11 Although these are serious offences I do find that they fall below the mid range of seriousness for such offences, although not much below that range. There was an indecent touching, but the complainant was not subjected to exposure to the offender’s penis or required to do any other act which would also constitute an aggravated indecent assault at the time.
12 DJR gave evidence on the last occasion that related to two matters. One was evidence of his upbringing and his career, and it is quite clear that his own childhood and upbringing was not happy. His family background was to some extent dysfunctional. Indeed, until he met his present wife, I drew the conclusion that his life had been subject to a number of disturbances. Since he met his wife, they conducted together a real estate business, and they seemed to have a good life.
13 When the offender appeared at the trial, he was on crutches and he gave evidence about that on the last occasion, although he did not give evidence at the trial. He had suffered quite a severe injury to his leg. He is no longer on crutches. While he has been in custody, he has not received any treatment or attention for his leg. He will clearly be returned to custody after I sentence him, but I will be recommending that a full medical assessment be carried out while he is in custody, and that attention be given to the needs he has for treatment.
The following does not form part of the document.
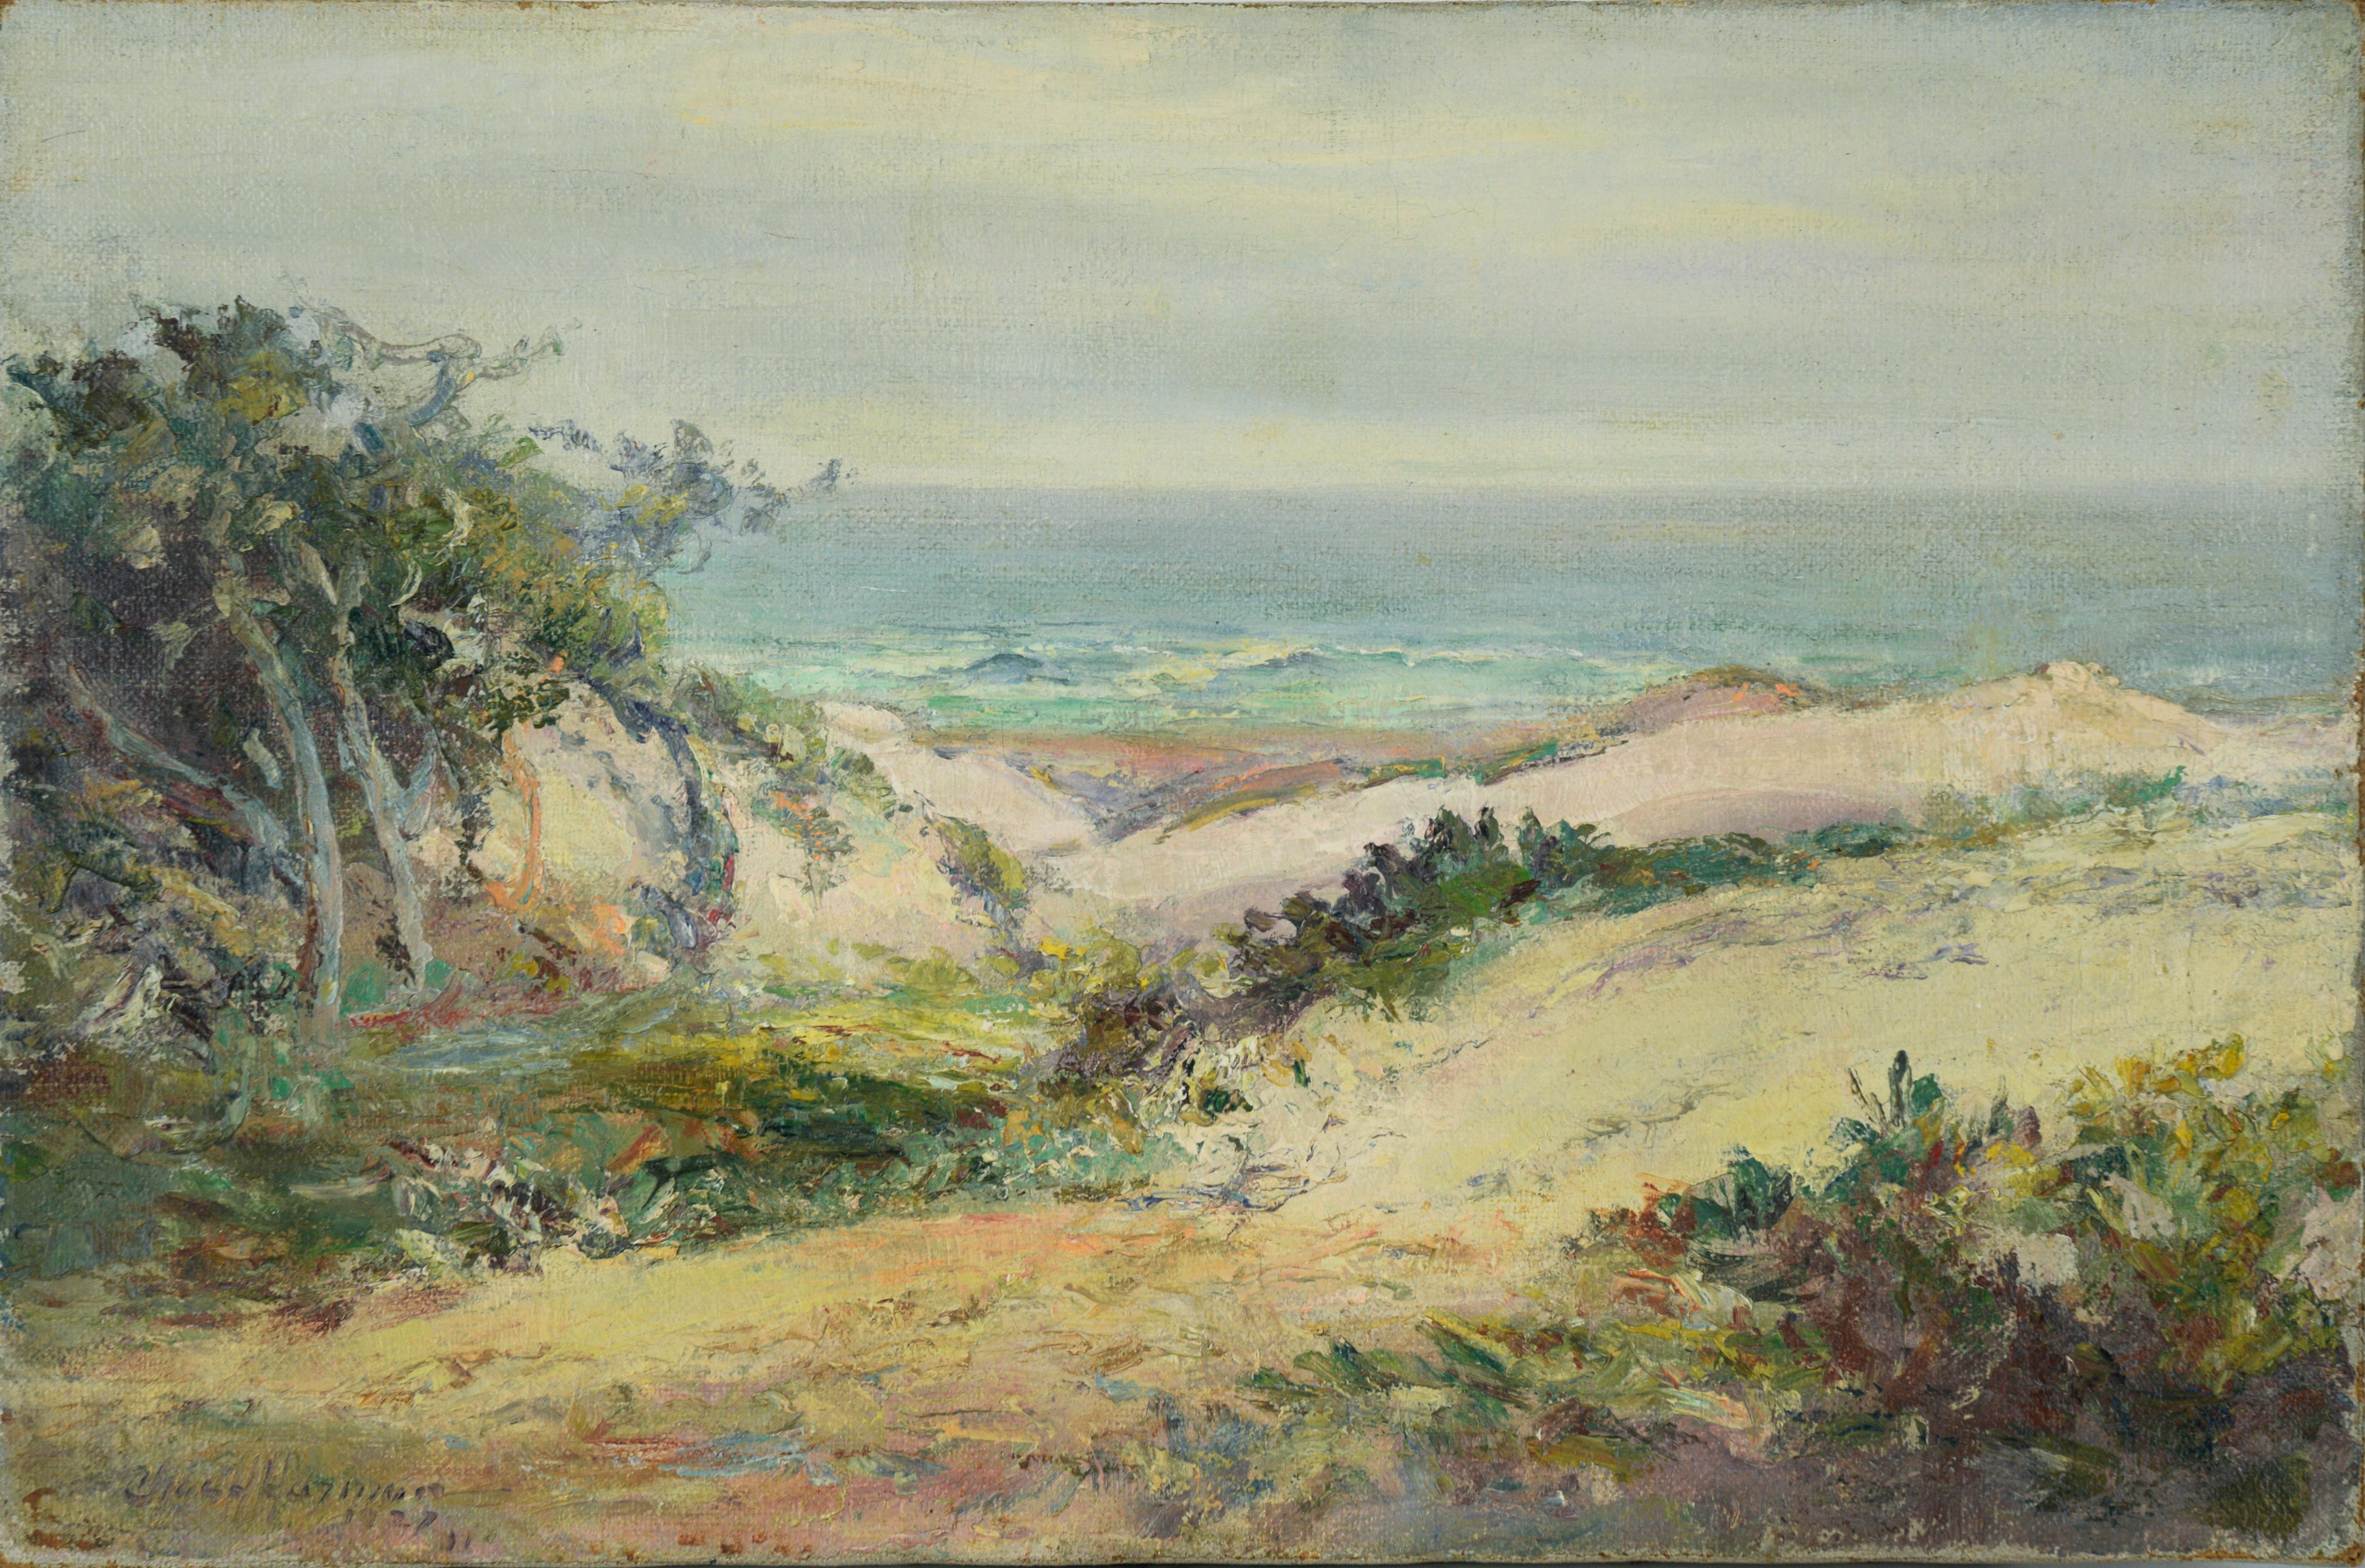 Charles Harmon Landscape Painting - 1927 Carmel by the Sea - Beach, California Coastline - Oil on Linen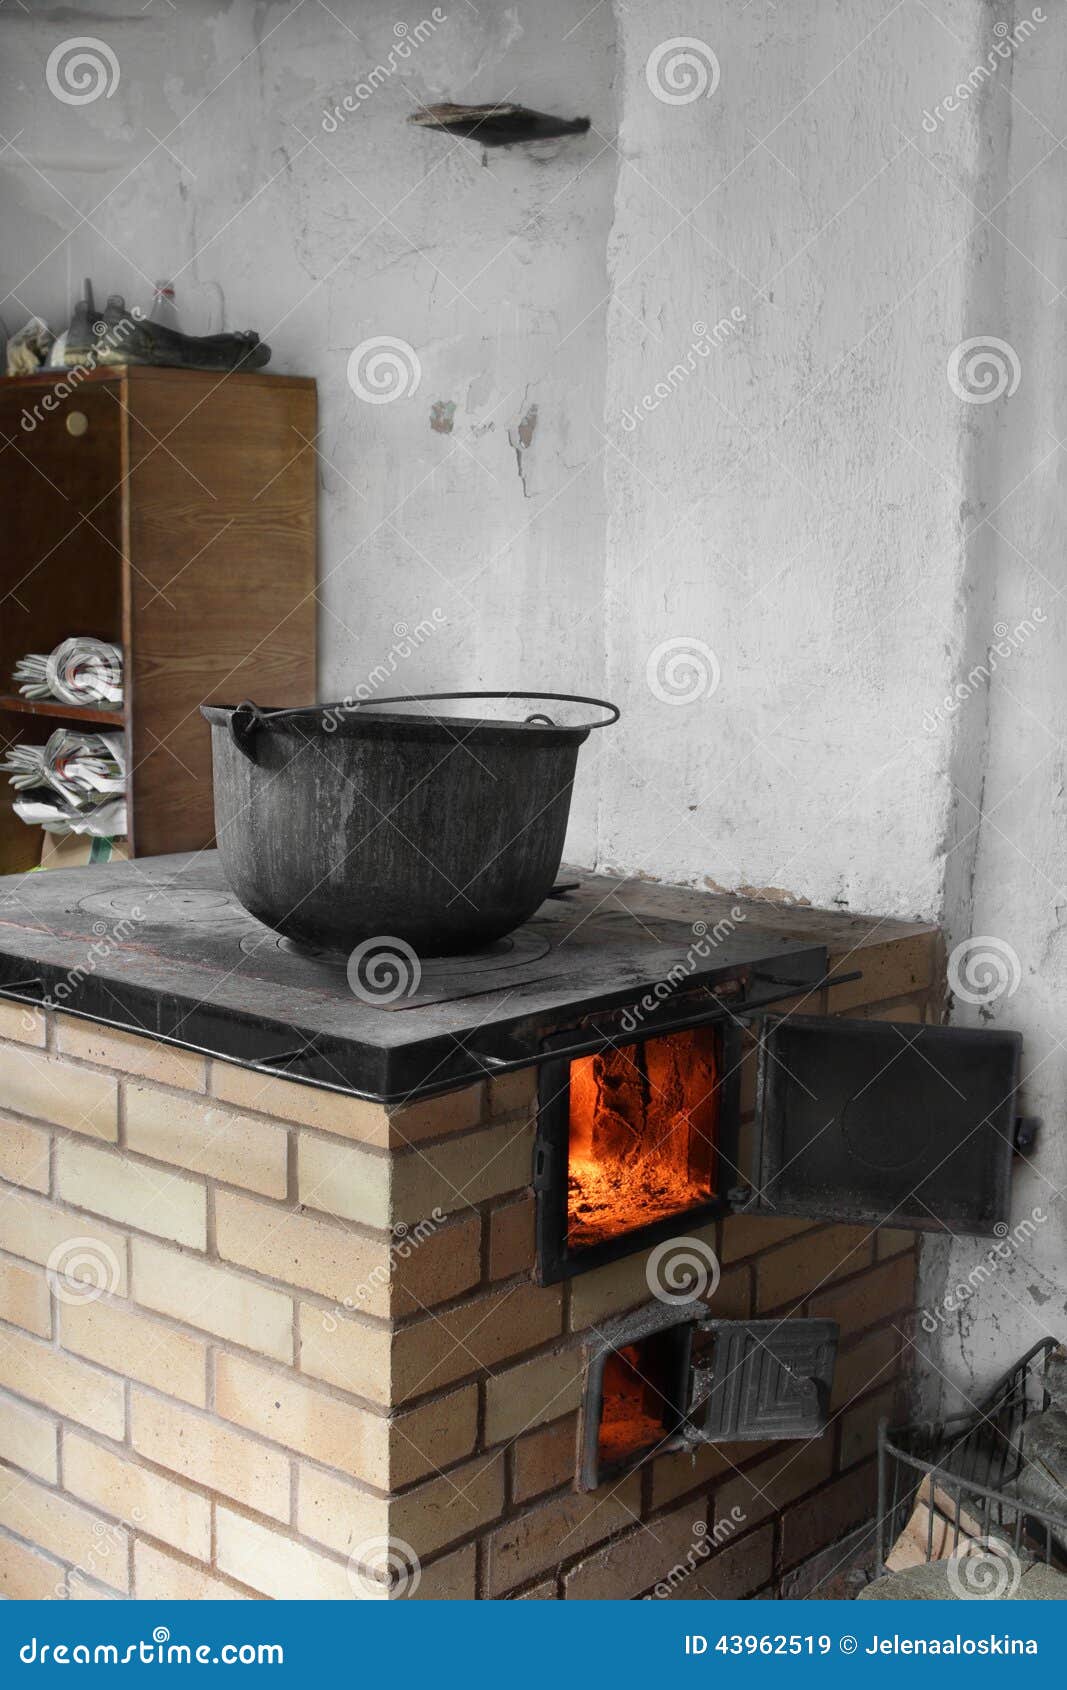 Wood stove business plan

14 The fact that he has not received treatment is also a matter which leads me to find that there are special circumstances in this case, although that is not the only reason. It is also true that this is the first time the offender has been in custody, and, up until the arrest for the pornography offence, the only matter on his criminal record was a very old matter concerning a failure to pay maintenance, which is more in the nature of a civil liability than a criminal liability. So he is previously a person of good character, and he is entitled to the benefit of that. As I have said, I am satisfied that, while these offences are serious, they fall below the mid range of seriousness for this offence, and that will be reflected in the non-parole period and sentence that I impose.
15 Originally I was asked to deal with the child pornography offence. I was not prepared to do so on the last occasion, and the matter went back to the Local Court; a sentence has now been imposed. That offence was separate from these offences, although it led to the apprehension and conviction of the offender on these offences. He is currently serving a term of imprisonment for that offence and there must be a degree of accumulation of the sentences. Because of the non-parole period that I am required to impose, that period of accumulation is possibly not as long as would otherwise be warranted, but the principle of totality requires that I impose a particular period of accumulation of the sentences.
16 DJR is sentenced as follows. On count 1 to a non-parole period of four years commencing 14 December 2008 and expiring 13 December 2012. The total term will be six years expiring 13 December 2014. On count 2 he is sentenced to a similar term of imprisonment but the non-parole period commencing 14 April 2009 and expiring 13 April 2013. The total term is six years expiring 13 April 2015. On count 3 he is sentenced to a similar term, the non-parole period commencing 14 August 2009 and expiring 13 August 2013. The total term is six years expiring 13 August 2015. I will formally make the recommendation that DJR be subjected to a full medical examination.